The research objective of this proposal is to determine in 25 adult/pediatric SCD patients (1) the relationship between pain severity phenotype and the strength of adhesion between single red blood cells (RBCs) and single endothelial cells (ECs) isolated from peripheral blood and (2) the ex vivo effect of pharmacologic inhibitors on RBC-EC adhesion, creating both a patient-specific adhesion profile and therapeutic signature. The results are expected to lead to novel individually-targeted approaches to inhibit the onset and limit the duration of painful vaso-occlusive episodes (VOEs). Our central hypothesis is that the strength of adhesion between RBCs and ECs at baseline is related to patient-specific pain severity phenotype, resulting in the need for patient-specific drug therapy. To test the hypothesis, we will pursue the following three specific aims: Investigate the relationship between pain severity phenotype and baseline RBC-EC adhesion profile in SCD subjects -- We will measure the strength of adhesion between single RBCs-ECs from SCD subjects at baseline. Baseline/steady-state adhesion profiles will be compared on an inter-patient level to determine which adhesion profiles correlate most highly with pain severity phenotype. Assess the association of VOE severity with changes in RBC-EC adhesion from baseline to VOE onset. We will measure the change in strength of adhesion between single RBCs-ECs from baseline to VOE onset. Changes in adhesion will be compared on an inter-patient level to determine whether relative changes in adhesion profile at VOE onset correlate with VOE severity. Test the ex vivo effect of targeted pharmacotherapy on the RBC-EC adhesion profile of SCD subjects -- We will measure (at baseline and at VOE onset) the ex vivo inhibitory effect of two known RBC-EC adhesion blockers (propranolol and abciximab) to identify patient-specific anti-adhesive therapeutic signatures.
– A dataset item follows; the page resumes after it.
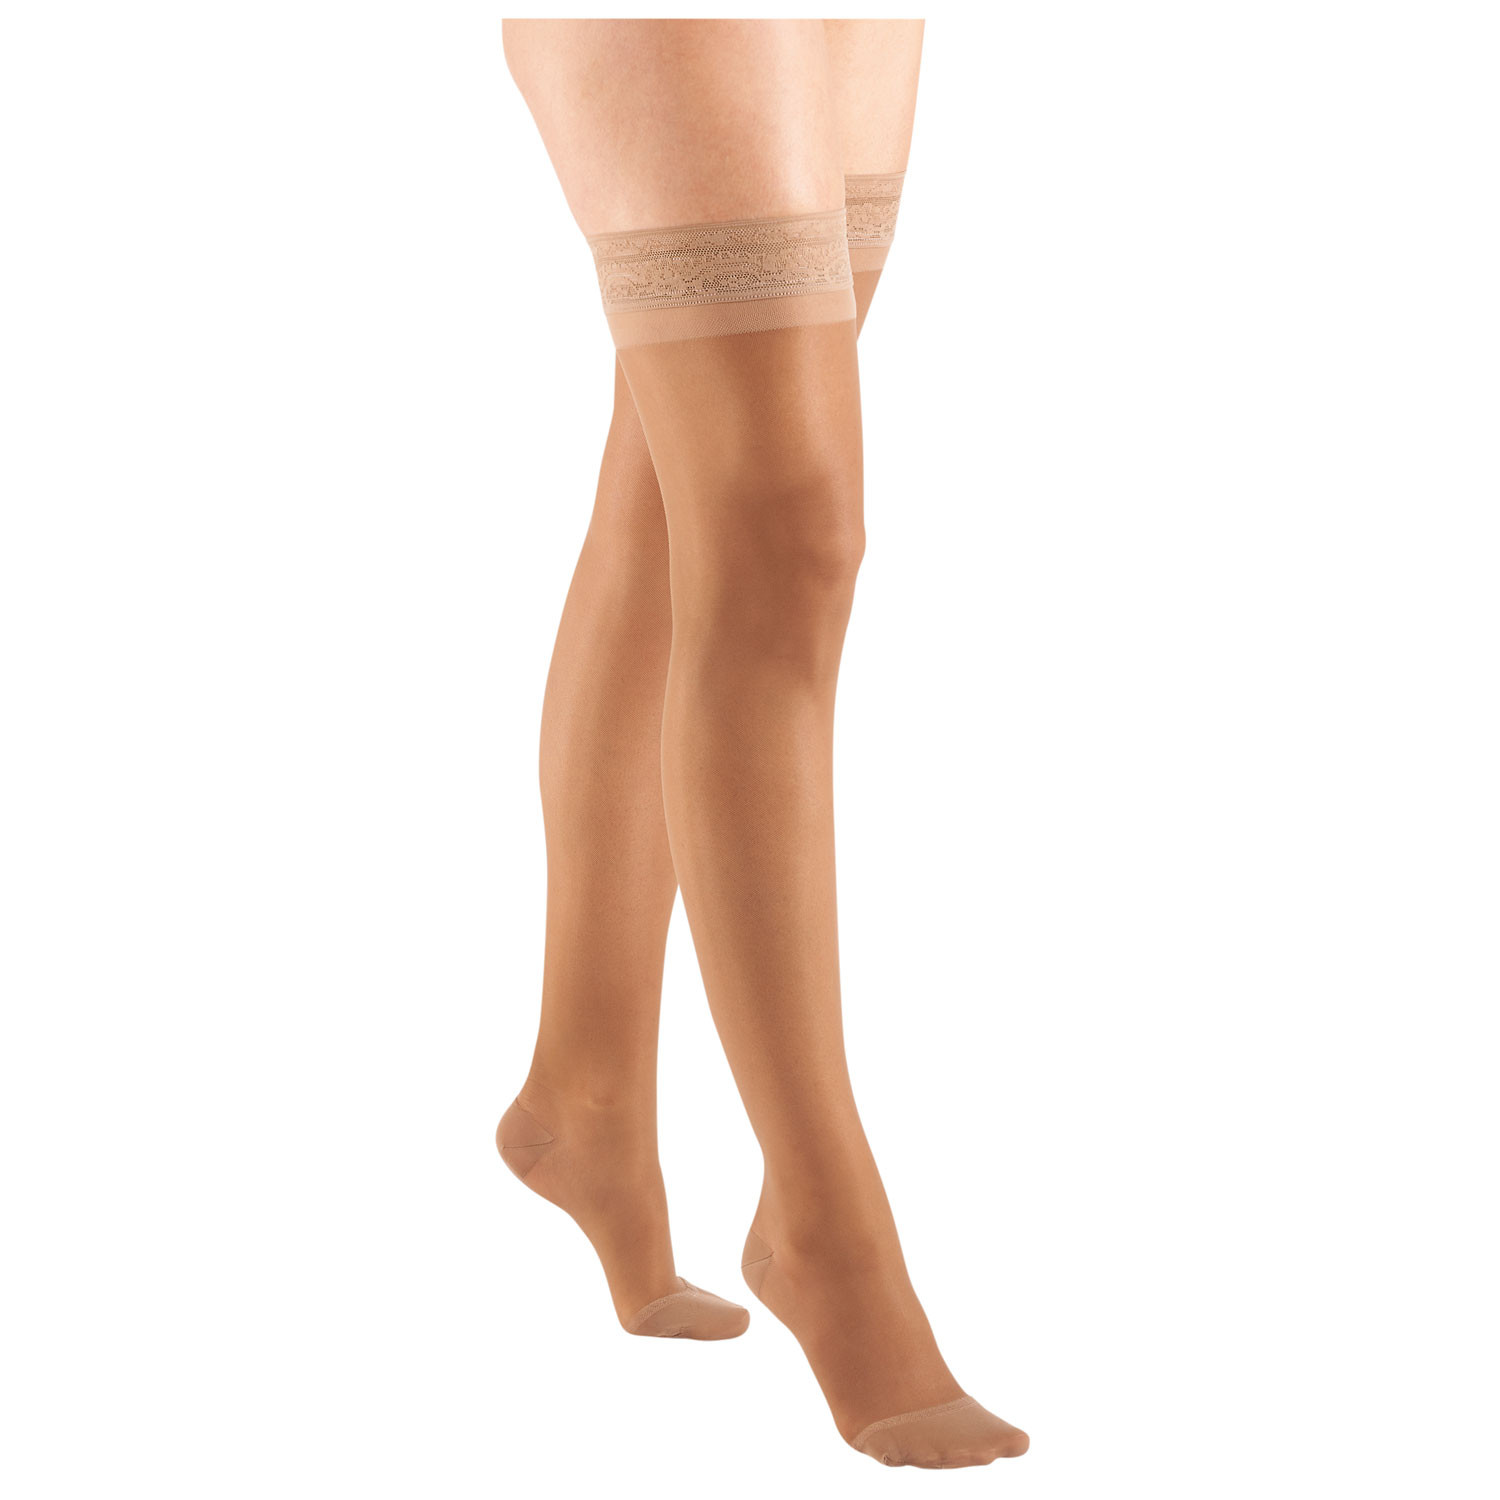 compression stockings for men size medium

IRB No. 14-136CS-6.2 (Dr. Biree Andemariam, PI): Hemoglobinopathies and Bone Health

This research study has two purposes. The first purpose is to determine whether having sickle cell trait is a risk factor for the development of bone thinning at an earlier age than expected. Nearly 10% of African Americans carry sickle cell trait and most of them are unaware of it. African Americans are less likely to develop thin bones than whites, but if they sustain a bone fracture, they are more likely to die from it. We believe having sickle cell trait may lead to bone thinning and predispose a subset of African Americans to dangerously thin bones. The second purpose is to try to understand why individuals with sickle cell disease have thinner bones than healthy individuals do. Doctors have already discovered that people with sickle cell disease have very thin bones, but they have not determined why. Our study will try to identify whether the bone thinning is from the body not making enough bone or from the body losing bone once it is made.